The top US commander in Afghanistan, Gen. Stanley McChrystal, had announced orders last January restricting night raids because of the high number of civilian casualties that they have inflicted. Under the new rules of engagement, Afghan puppet forces were supposedly to take the lead when houses were entered.

Other members of the household, however, said that there was no evidence of Afghan troops when some 80 US soldiers entered the compound, rounding up 15 family members, including women and children, and handcuffing and blindfolding them.

The US military claimed that the operation was aimed at catching a “Taliban facilitator” in the area, but no such person was apprehended.

The incident confirmed charges that McChrystal’s earlier order was for show, and that the night raids and their attendant slaughter of innocents continue unabated.

In a separate development, the French military acknowledged Thursday that its troops had killed four children in an April 6 missile attack.

Warnings from top US and NATO officials suggest that the bloodletting will escalate sharply in the coming weeks and months.

Gen. David Petraeus, the head of the US Central Command, which is responsible for the wars in both Afghanistan and Iraq, warned that there would be “tough moments in the weeks and months ahead” in the city of Kandahar, where the US-led occupation is mobilizing some 23,000 troops for an offensive expected to begin next month.

Excusing in advance the carnage that this US-led offensive will entail, he claimed that it would be the fault of the Afghan resistance, which he said was “going to take horrific actions to disrupt the progress that Afghan and coalition and military elements are working so hard to achieve.”

Concern over rising violence in the city as well as the urban combat that the occupation’s offensive will entail, the United Nations shut down its Kandahar headquarters and withdrew its entire staff from the city.

Petraeus appeared to be providing another justification for the coming bloodshed, claiming that Kandahar was the city in which the terrorist attacks on New York City and Washington were prepared in 2001.

A similar note was sounded by NATO’s senior civilian official in Afghanistan, Mark Sedwill, the former British ambassador to the country.
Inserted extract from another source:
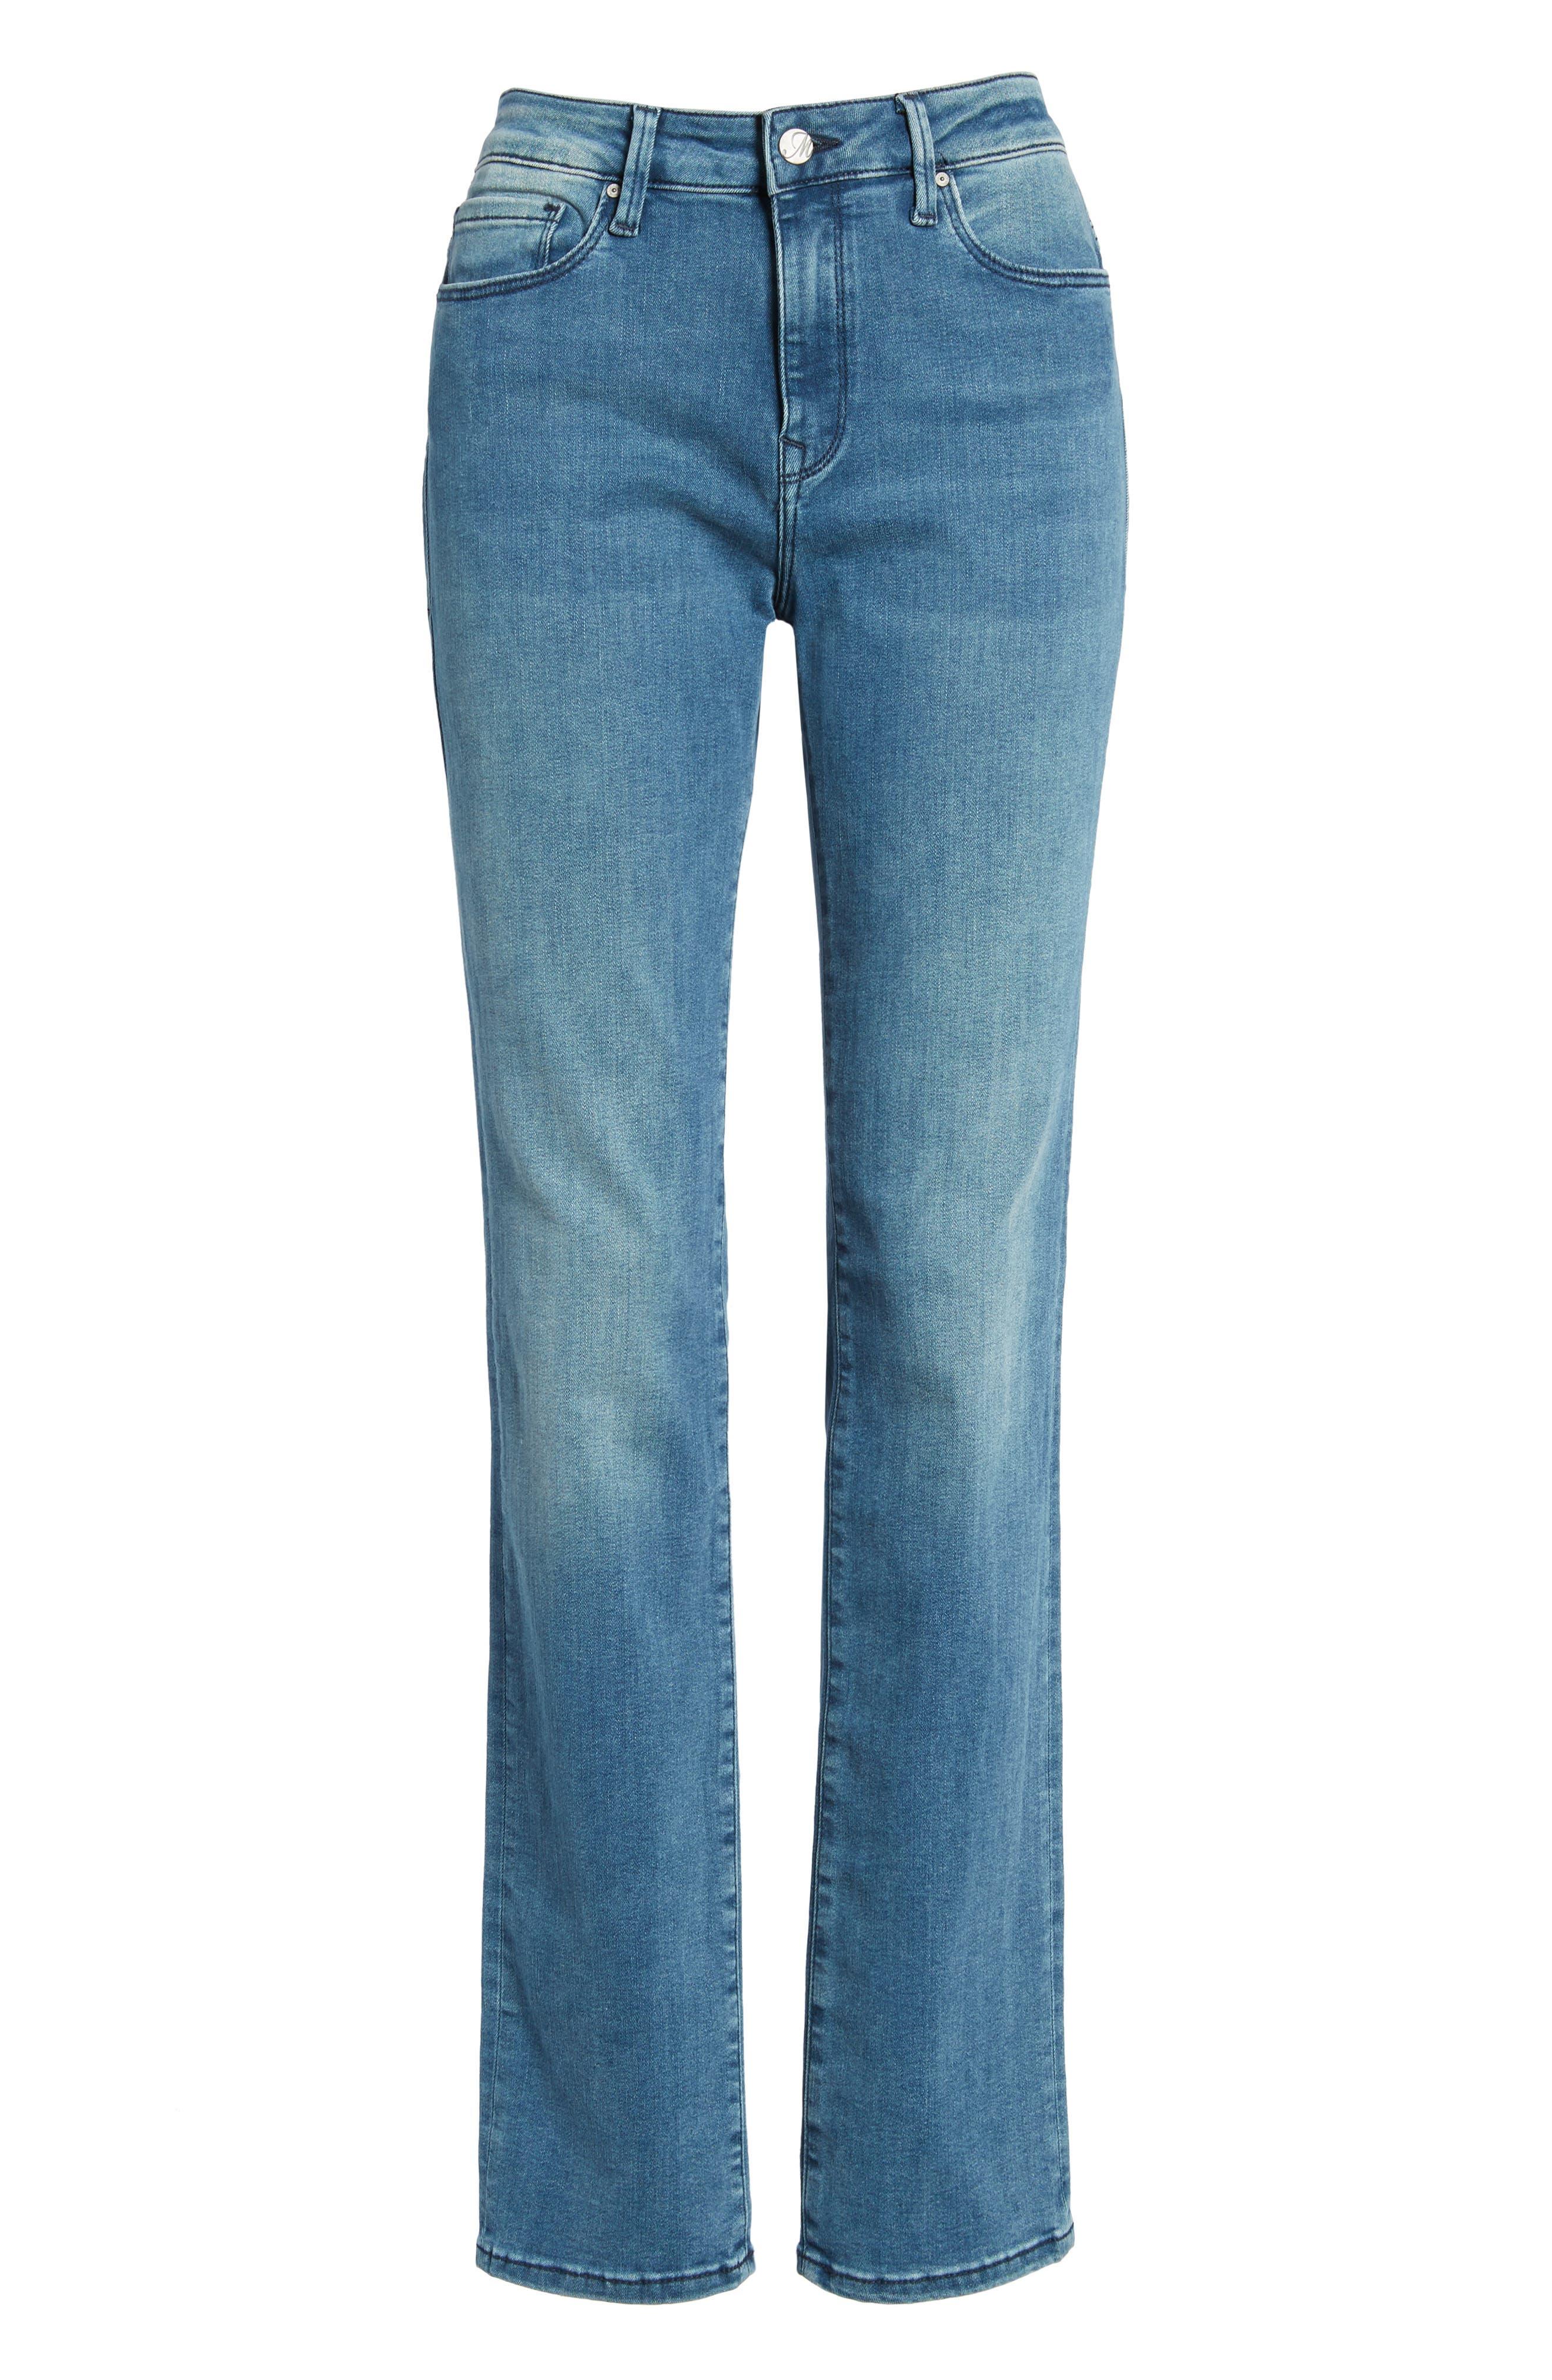 Kendra High Waist Straight Leg Jeans,                             Alternate thumbnail 6, color,                             420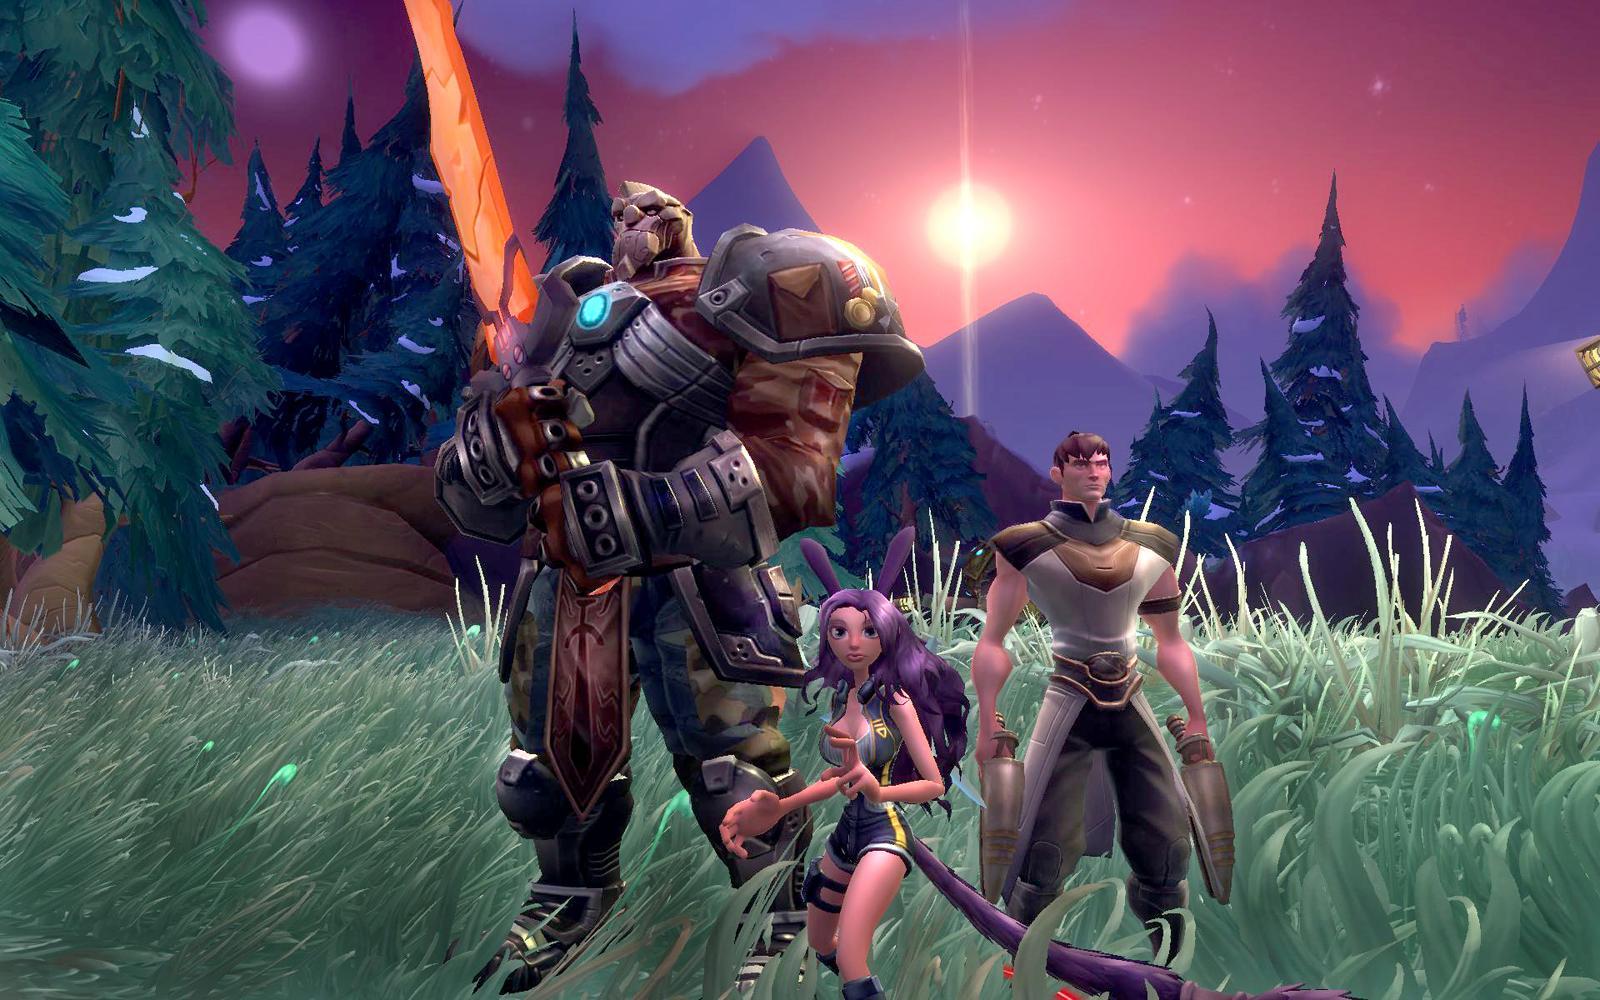 gry multiplayer gatunki

He warned that the coming period would be “very tough” for the occupation forces and insisted, “We cannot allow judgment of success to be the absence of casualties.”

Sedwill predicted that the US-led forces would be involved for up to four more years in combat operations in Afghanistan and would remain in the country for up to 15 years more training and “mentoring” Afghan puppet forces.

The military “surge” ordered by Obama is expected to be in complete by August, with some 100,000 US troops deployed in Afghanistan, up from 32,000 when he took office.

The message contained in the Pentagon’s grim report, however, appears to be that US military commanders want still more American soldiers and Marines thrown into the colonial-style war.